Значит, Костюков знает теперь о результатах моей поездки к корреспонденту. Тем более надо быть начеку. Стараясь уйти от грозящего ему разоблачения, главинж может решиться на отчаянный шаг… Но какой?
Костюков величавым жестом приглашает меня войти в кабинет. Перед ним лежит мое «Личное дело».
— Мы, Михалев, посоветовавшись с народом, решили доверить тебе КРАЗ. Ты, кажется, на Иркутской ГЭС работал на дизелях?

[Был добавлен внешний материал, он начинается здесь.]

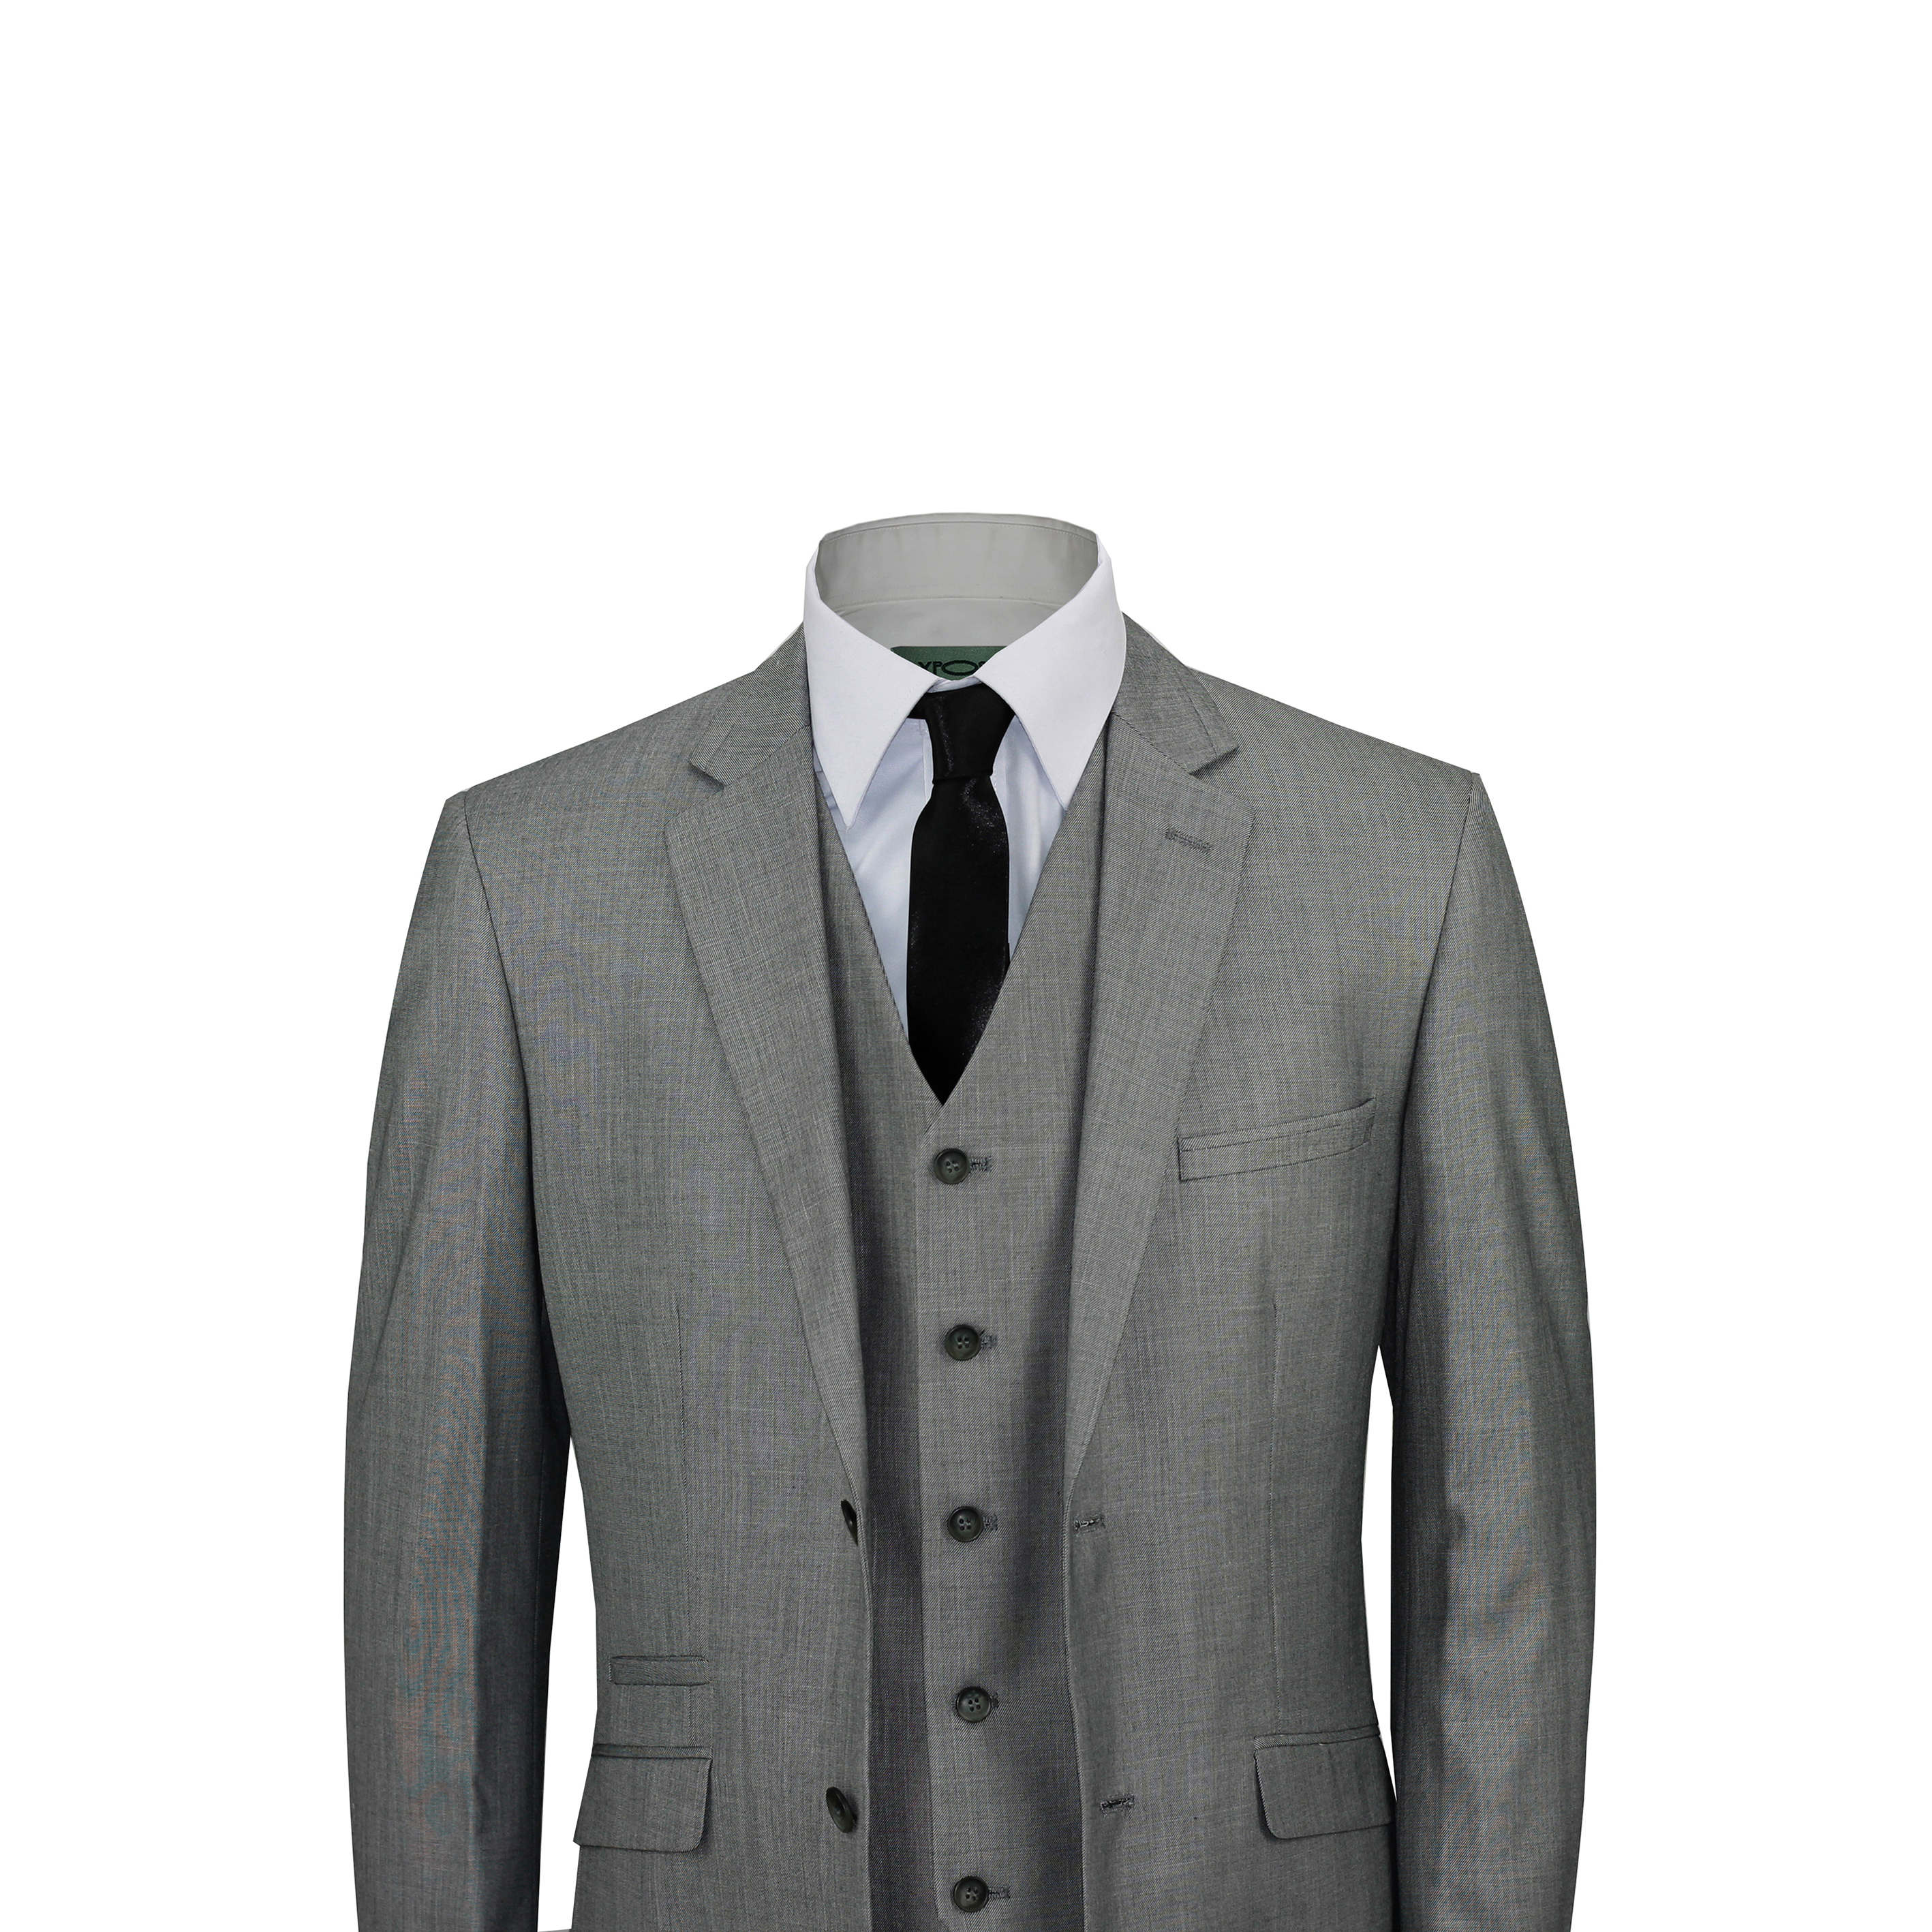 Mens Plain Grey 3 Piece Formal Tailored Fit Casual Smart Suit Work Wedding Prom

— Работал. На двадцатипятитонном.
— Ну, а здесь оправдаешь доверие?
— Постараюсь.
— Так в добрый час. Подбери себе помощника, дорога дальняя, трудная…
Костюков, предчувствуя мой выбор, смотрит на Стрельцова. Володька делает какое-то странное движение плечом: мол, ты сам волен решать, я же не требую. Но я знаю — для Стрельцова в эту минуту нет ничего желаннее, чем руль КРАЗа. Шофер понимает шофера без слов.
— Стрельцова, что ль? — спрашивает Костюков, словно желая поскорее закончить эту сцену.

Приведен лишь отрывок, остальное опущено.